許昭栄さんー不屈の台湾精神/台湾で今も続く戦後

英霊奉賛日台交流会
事務局長 福村良治

平成17年6月22日

 日本海軍に雪風と言う駆逐艦があった。多くの激烈なる海戦に参加したが、強運で終 戦まで撃沈を免れた艦である。戦後、中華民国海軍に引き渡され丹陽と命名され、名前が変わる。

台湾の高雄市に許昭栄さんと言う方がおられる。一時、この丹陽の機関兵をされていた方だ。現在は、バシー海峡で海没した帝国陸海軍将兵20万余を祀る、猫鼻頭の潮音寺の維持活動に現地で粉骨砕身の協力をしてくれている方である。また、高雄市の旗津で、台湾老兵世界平和祈願公園の建設を目指している方である。そして、台湾籍老兵の台湾への帰国、遺族、留守家族に対する補償問題に取り組む全国元国府軍台籍老兵及び遺族協会創会の理事長をしておられる。

許昭栄さんは、昭和3年(1928年)生まれ、旧大日本帝国海軍台湾特別志願兵で昭和20年(1945年)には特攻機桜花の出撃作業をしていた。

昭和20年の日本の敗戦により、台湾に進駐した国民党軍は「老人も子供もいる32師団」と言われるように、大陸では、兵役制度ではなく、拉丁と呼ばれる壮丁を拉致して軍に編入す方法が一般的だった。昭和22年228事件以前は、まだ、国民党及び、国民党軍の実体に関しては台湾人の認識は薄かった。主に旧日本陸海軍特別志願兵、高砂義勇隊生還者などが復員して就職を捜していた。国民党軍は、これを好餌を持って詐網し、約15000名を軍に編入して大陸に送り、国共内戦を戦わせた。

昭和22年(1947)、台湾では228事件が起きる。これにより、国民党、国民党軍の正体を知った台湾人は誰も国民党軍などに応募しなくなった。228事件後、許昭栄さんは旧日本海軍軍人故に清郷の対象となる。危険分子として銃殺の候補者である。逃れる路はただ一つ、国民党軍海軍の徴募に応じることであった。当時の国民党海軍は訓練された兵員が絶対的に不足していた。228事件後は許昭栄さんのように、脅迫により軍に編入される場合が多く、以前のように、詐網されて国民党軍に入ってしまった人数は少ない。
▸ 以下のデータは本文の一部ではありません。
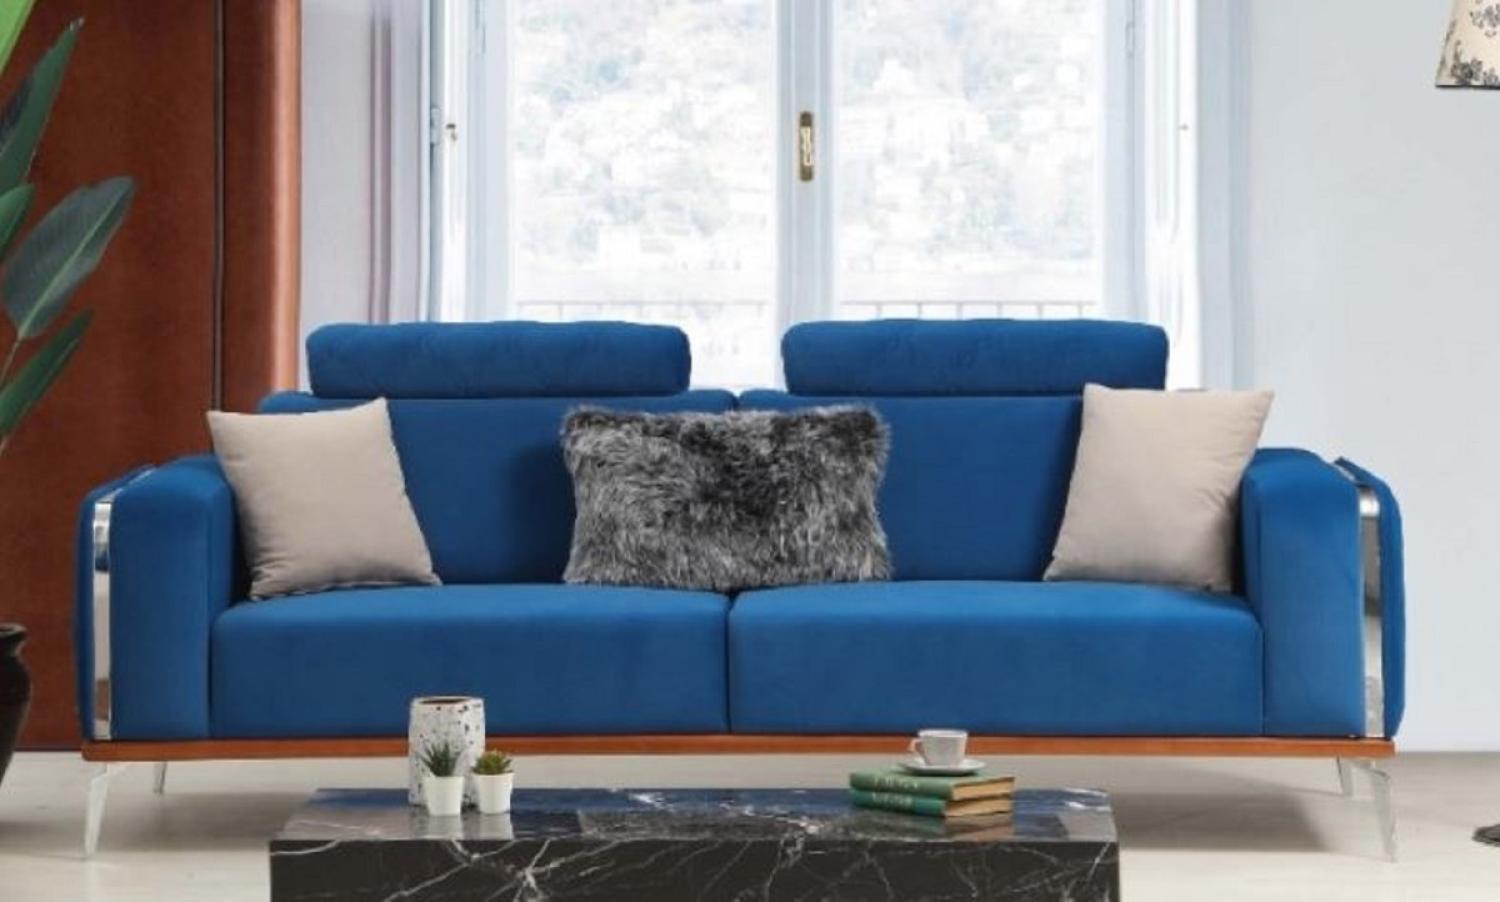 Casa Padrino Luxus Wohnzimmer Sofa mit verstellbarer Rückenlehne Blau / Braun / Silber 225 x 95 x H. 89 cm - Luxus Wohnzimmer Möbel Bild 1

許昭栄さんは技術員兵大隊に編入され大陸の青島に送られる。許昭栄さんのように海軍に編入されたのは少数で多くは陸軍であった。許昭栄さんは、その後、昭和23年(1948)米国より供与されるフリゲート艦の引き取り回航の為に米国に派遣される。この任務を果たした後、許昭栄さんは、激化する国共内戦に投入される。大陸の海港の封鎖作戦中、乗艦していた「太湖」での親友の戦死、埋葬の為に上陸した長山南島で中共軍上陸作戦に遭遇する。からくも逃れた許昭栄さんは、台湾に生還する。しかし、あまりの国民党軍のデタラメさに、怒り心頭に発した許昭栄さんは脱走して高雄に潜むが捕まってしまう。 銃殺か海軍に戻るかの選択を迫られ、結局、復軍する。その時、乗り組を命じられたのが、前記、雪風改め「丹陽」である。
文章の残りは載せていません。